The past few years have been tough on alfalfa fields. Some of the alfalfa plants that managed to survive the harsh conditions are now showing accumulated effects of stress. Add in the stress from harvest plus any insect damage or leaf diseases and plants that were old or weak starting out this spring may simply have too much root disease and not enough healthy root to keep going.
Now is a good time to check fields to determine if they need to be replaced, either with a new seeding this August or next spring.
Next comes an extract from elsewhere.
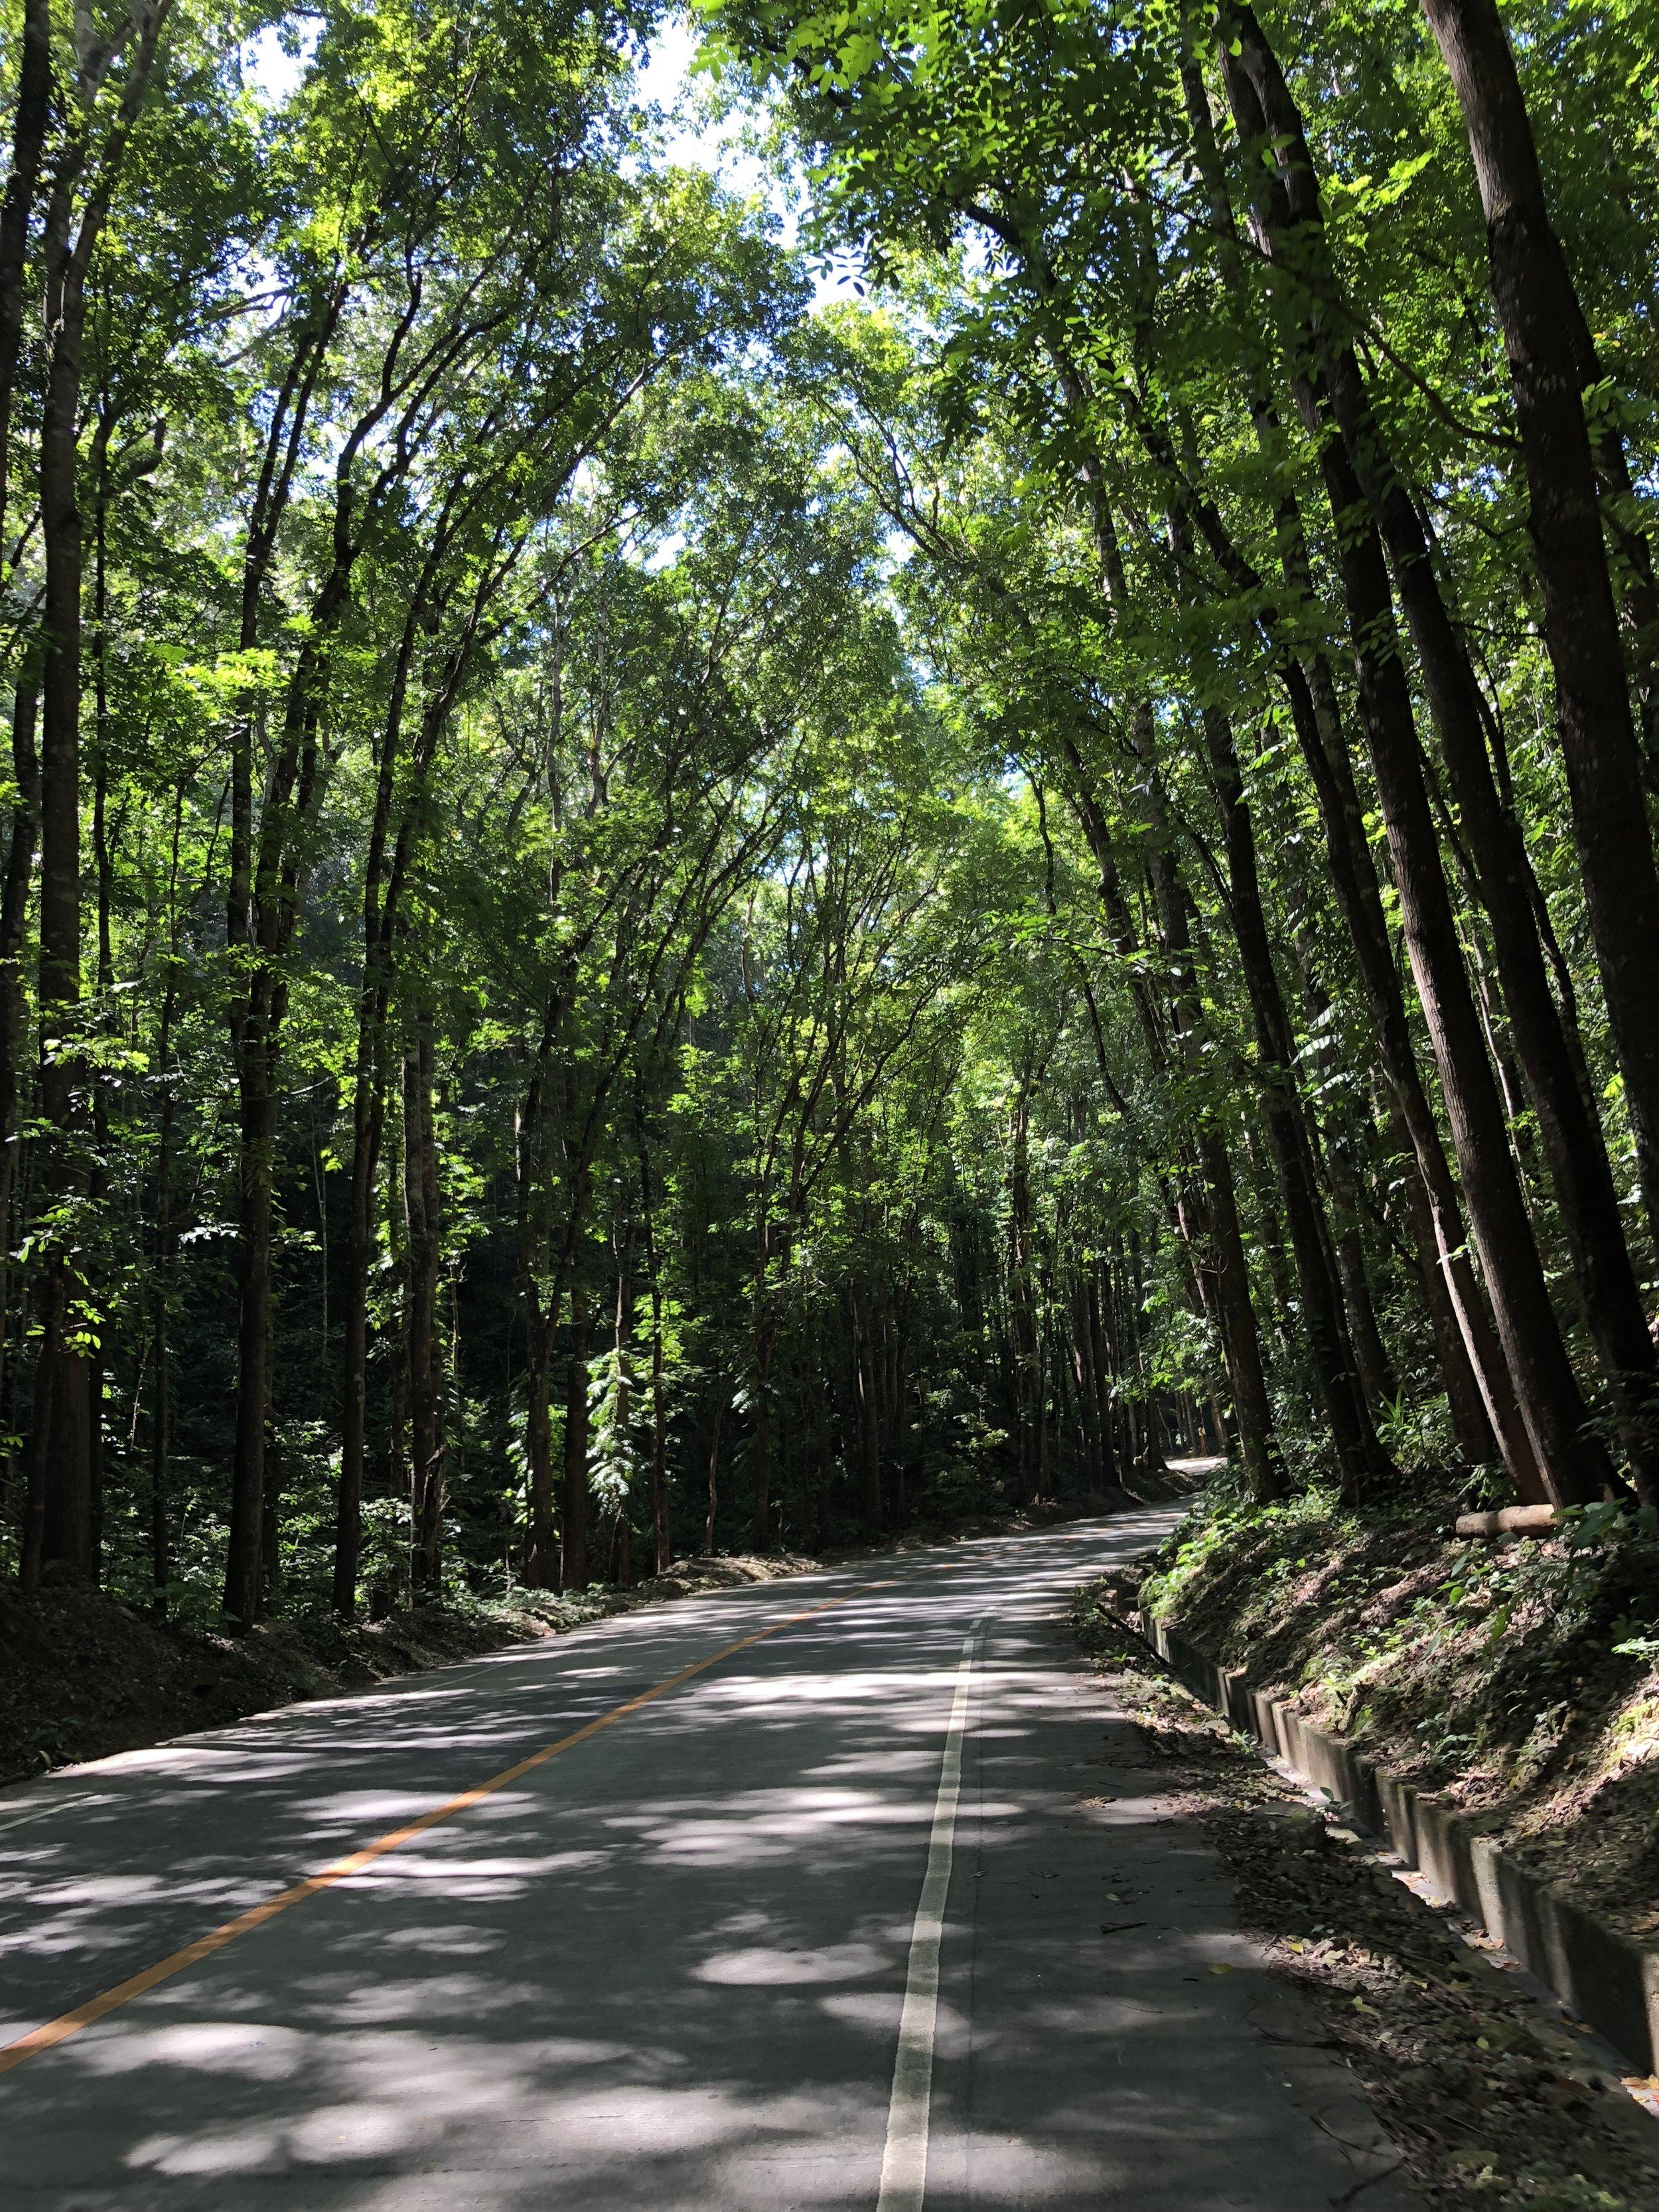 The Bohol Mahogany Forest in the Philippines. boldlygotravel.com

If weeds are becoming a problem, that is usually a good indication that the stand is getting thin and needs to be replaced.
Older, dryland fields with less than 25 shoots per square foot coming from two or three plants should be replaced. Very productive sites, such as irrigated and sub-irrigated fields, should have over 40 shoots per square foot coming from four to six plants.
Also, dig up and examine some roots. Healthy roots are solid and white, with a firm texture. A little browning in the top couple inches of the crown may not be much of a problem yet, but it could develop into a serious disease in another year or two. Roots that are discolored in one-third to one-half of the tissue might survive this coming winter, but these plants will not yield well next year.
If crowns and taproots show extensive brownish discoloration or are becoming mushy and partly rotted, these plants probably won’t survive another winter.
This is a good time to observe and anticipate declining alfalfa stands and replace them on your terms instead of Mother Nature’s. Also consider whether rotating another crop into that field may benefit your cropping strategy as you may be able to reduce nitrogen in that field by at least 100 lb per acre.